While Lilian Darcy is an accomplished Romance author, “Café du Jour” is not a romance. It’s a serious introspective journey of self-discovery and self-actualization. No compromises are made to sweeten the reality of this story. Everything is just right out there in front of the reader. There are no genre constraints or expectations in "Cafe du Jour" -- just raw writing power.
“Café du Jour” does something bold and unique with the first person POV: it lets the reader become another person. This is very different in kind than vicariously ‘being there’ when the POV character is a fireman climbing a ladder to rescue a child. While the reader might feel what it is like to be a fireman in that situation, the reader will not really know much of what it would be like to actually be that fireman.
In “Café du Jour” the journey is mostly internal. The action happens in the consciousness of the main character. The outside world is important, as there is a story to follow, but the big difference in this novel happens when the reader becomes the POV character -- as a person. “Café du Jour” opens the mind of the POV character and lets the reader think her thoughts.
If the reader’s internal dialogue is the same as the POV character’s internal dialogue, then for that moment, there is an identity. The reader is not that person doing ‘x’, the reader is that person being that person. (I know this is a difficult concept but this awareness of being someone else by virtue of thinking their thought, will be forced upon you when you read this book. You just have to read it and experience it.)

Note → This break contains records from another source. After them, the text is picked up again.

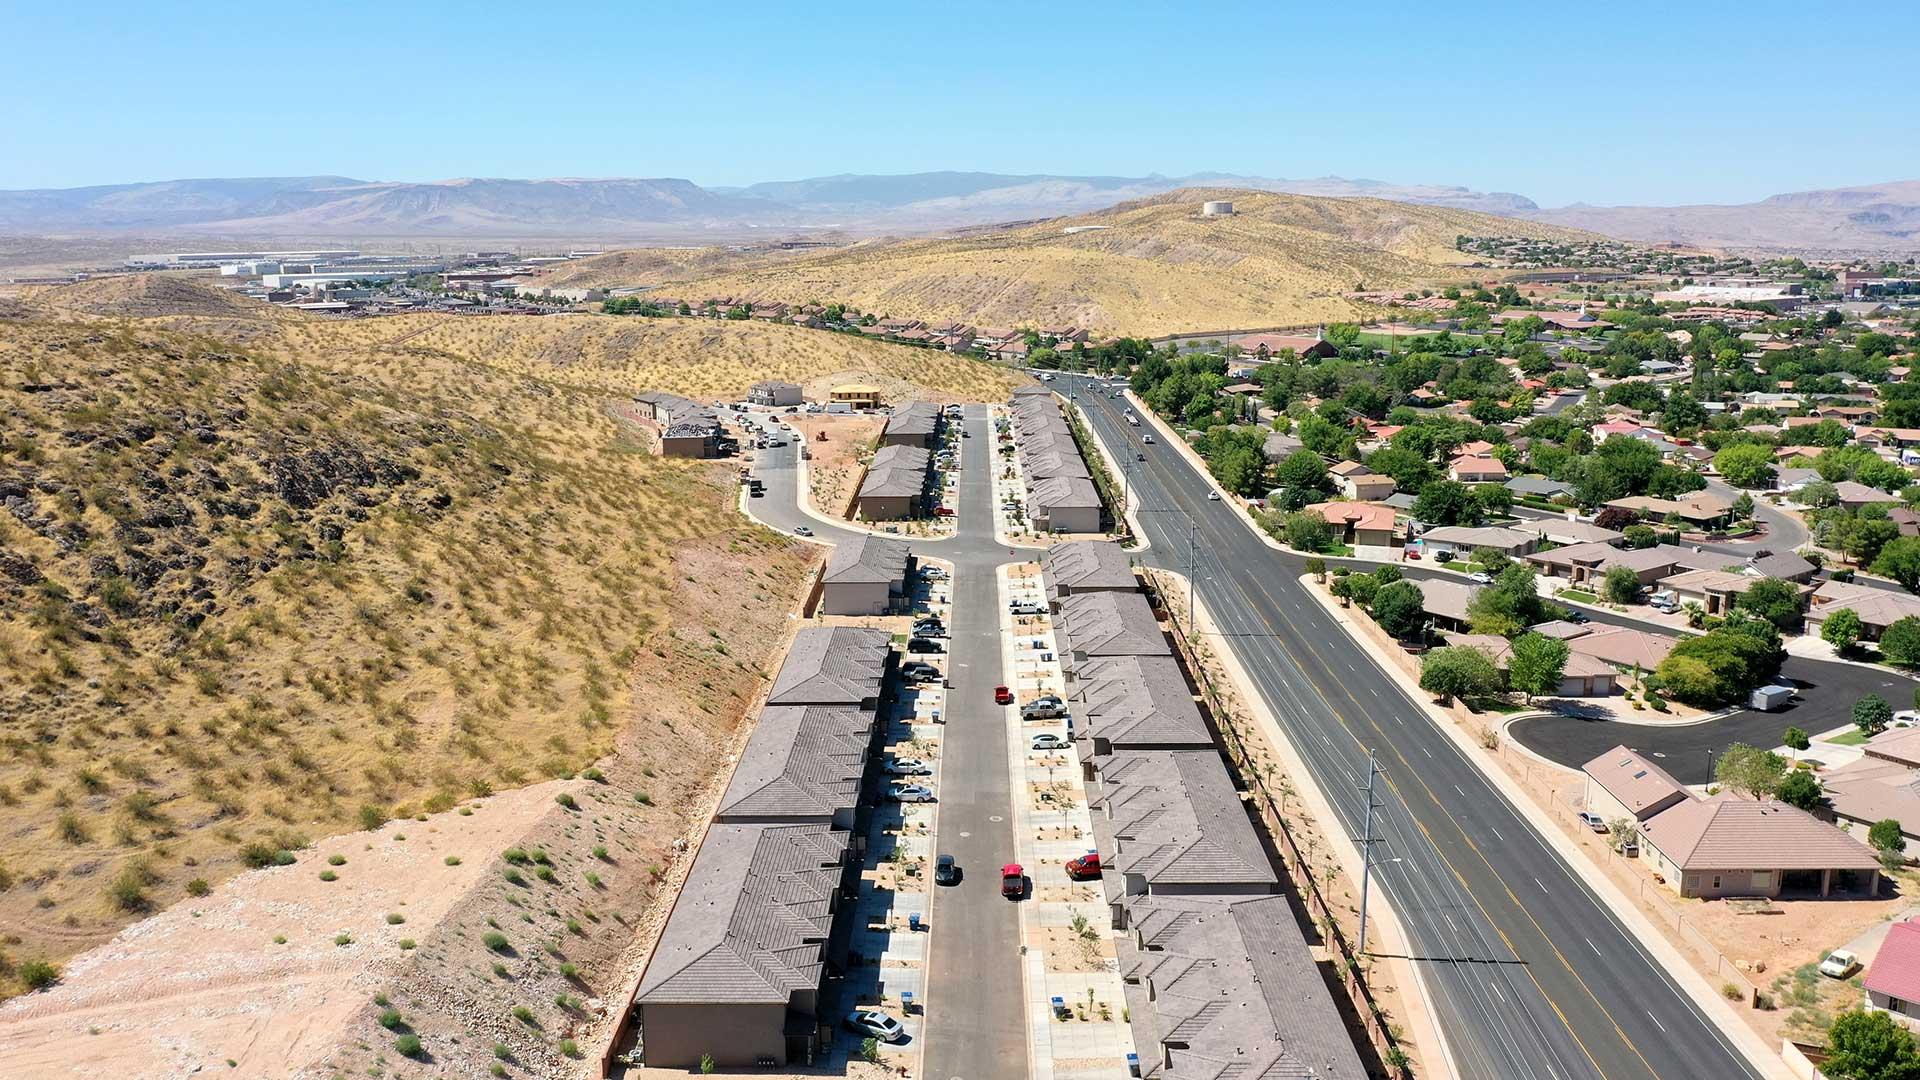 Townhomes St. George Utah
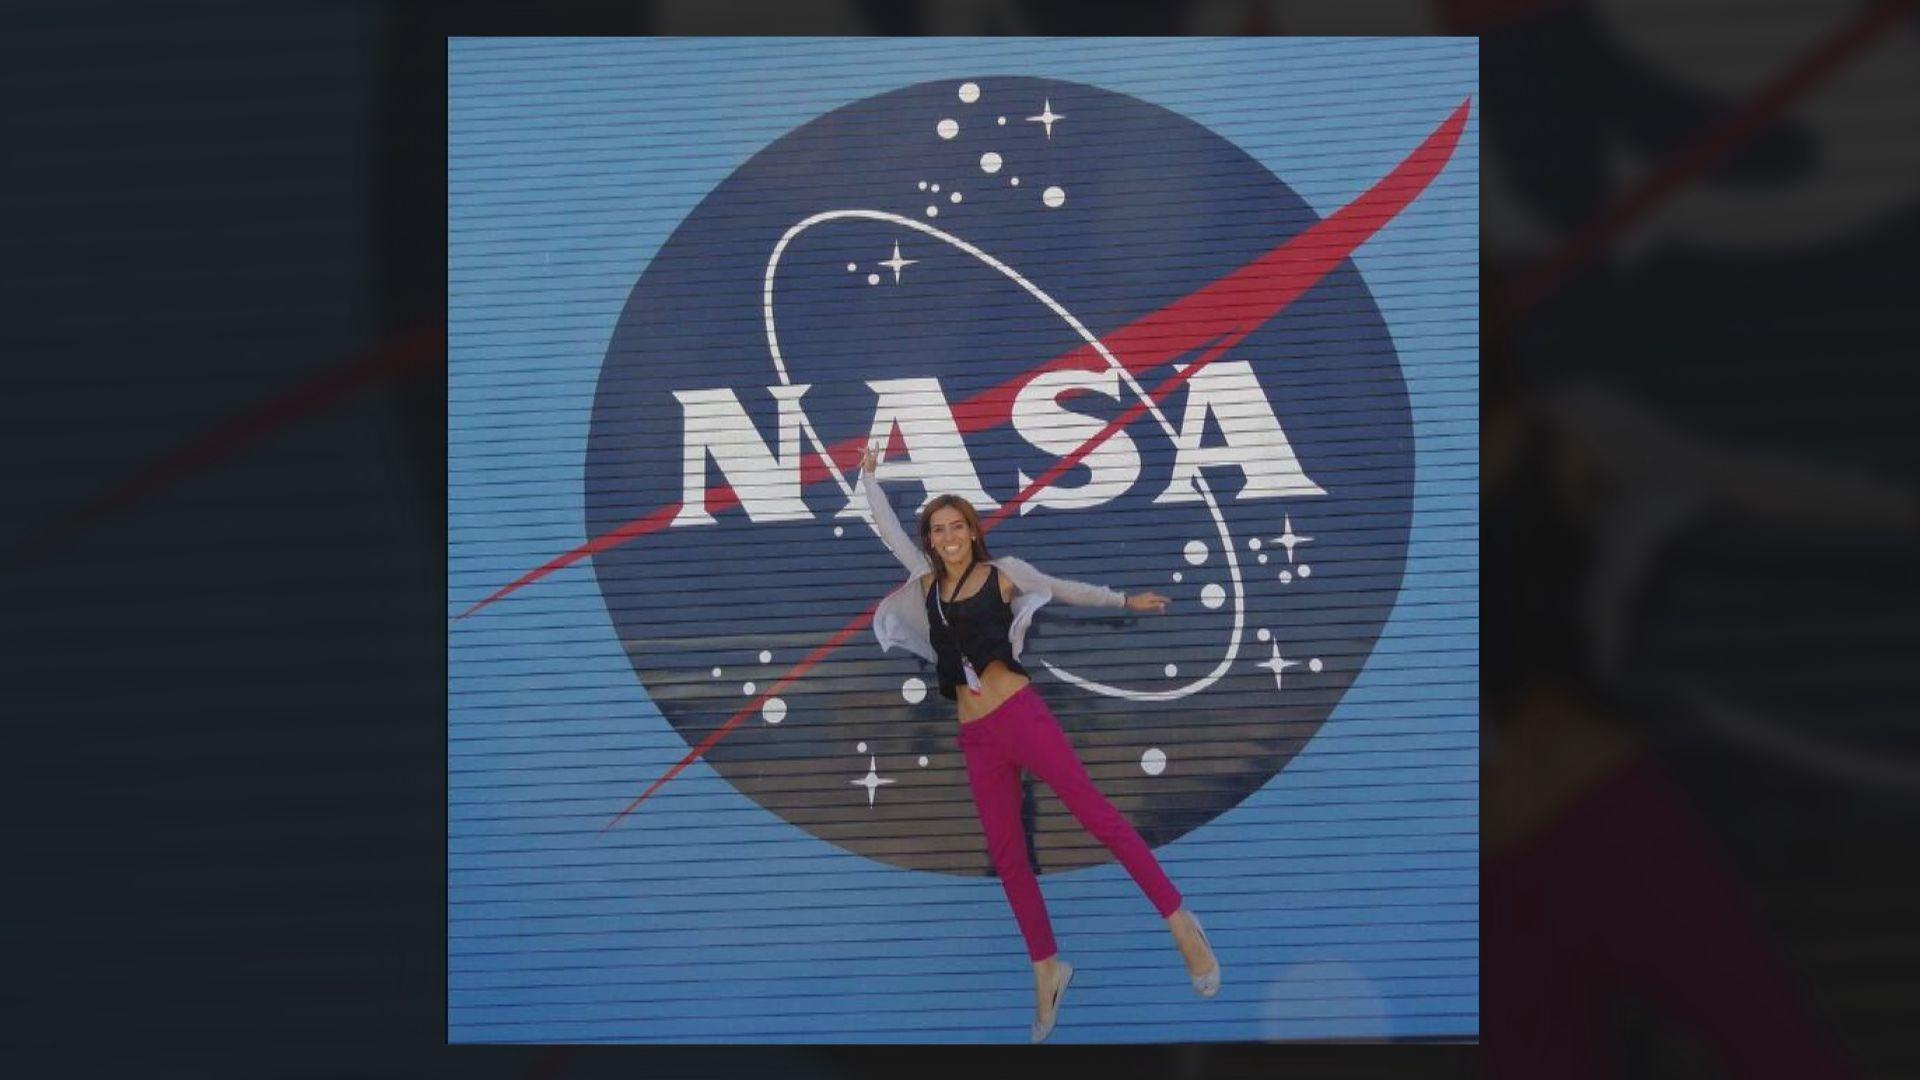 【即日焦點】何君堯:建制派而言我是Number One 各建制版塊需有何君堯;希臘女訛稱受聘NASA 藉訪問偽造「最強履歷」
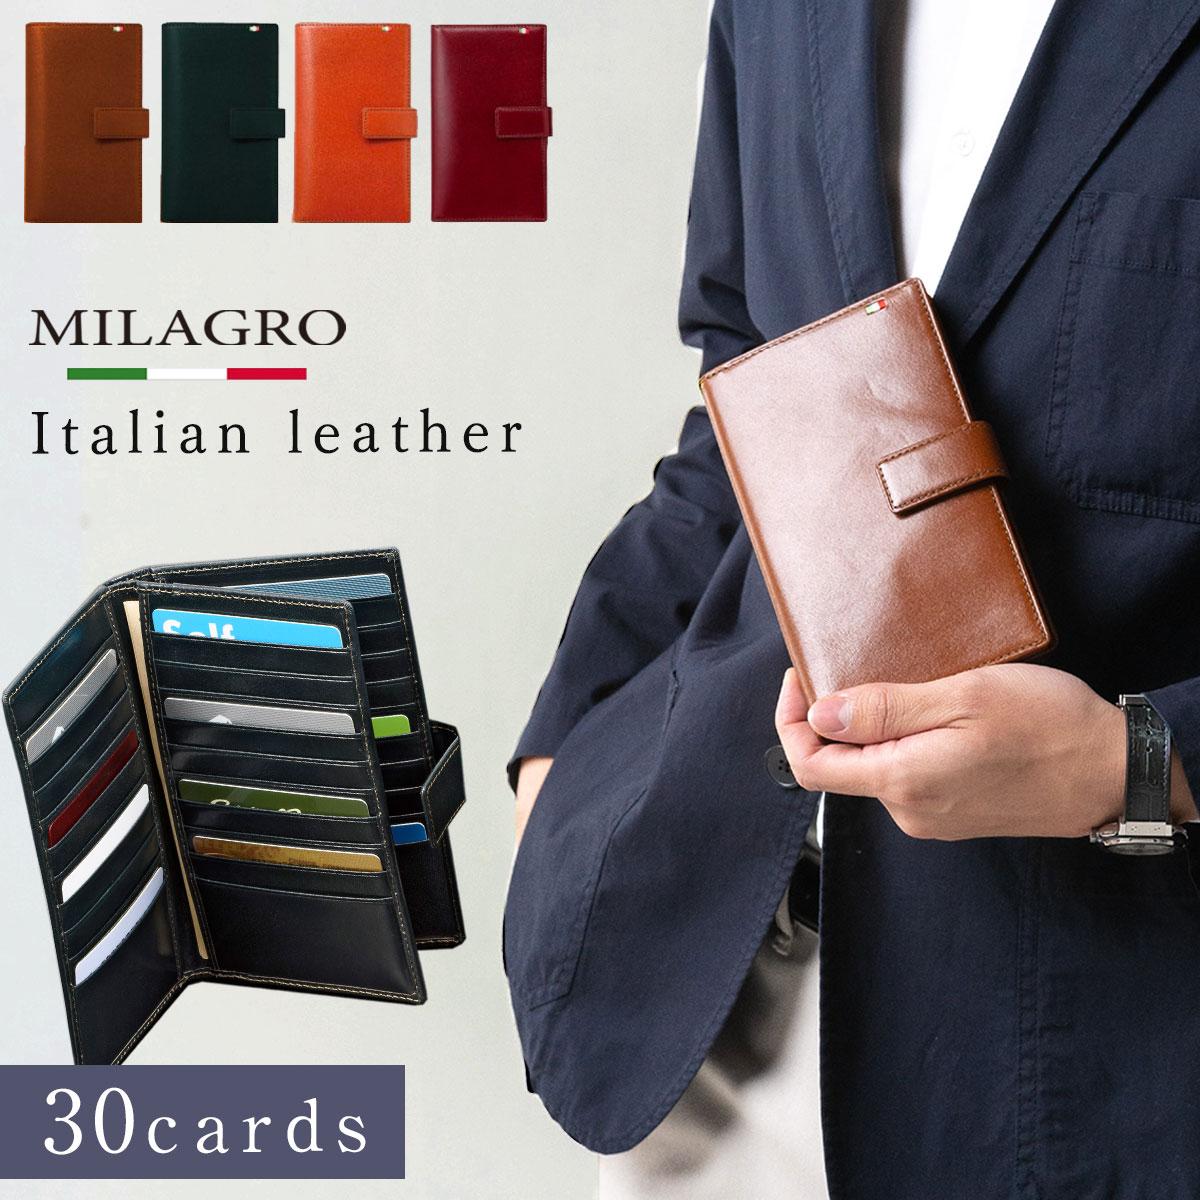 bffa39c24a26 カードケース メンズ財布 革 本革 30枚カード収納財布 イタリアンレザー Milagro ミラグロ

What Could be so Interesting as to Keep a Reader Inside Someone Else’s Mind for Hours on End?
Before I read “Café du Jour”, I would have probably said, “nothing.” It was only after I was totally captivated by the POV character, Susie, that I became eager to spend time in her mind.
Here is what the heroine thinks of Jody:
Susie, the heroine, is a European trained chef now living at home in Australia. She is a chef in a resultant where the owner is exploiting her. Her live-in boyfriend, Jody, travels around the world being a ski instructor in the winter and doing odd jobs at other times. He also seems to be exploiting Susie and perhaps everyone else he deals with.
Karen is Susie’s sister who is in the hospital after a terrible disfiguring accident which may have left her mentally challenged. Susie is under great stress. She may be at the moment of maximum personal crises in her young life. All this makes for compelling reading.
Given the very personal nature of the first person POV, the impact of this emotional turmoil is almost overwhelming. In a way, “Café du Jour” is a learning experience that may well leave the reader a different person.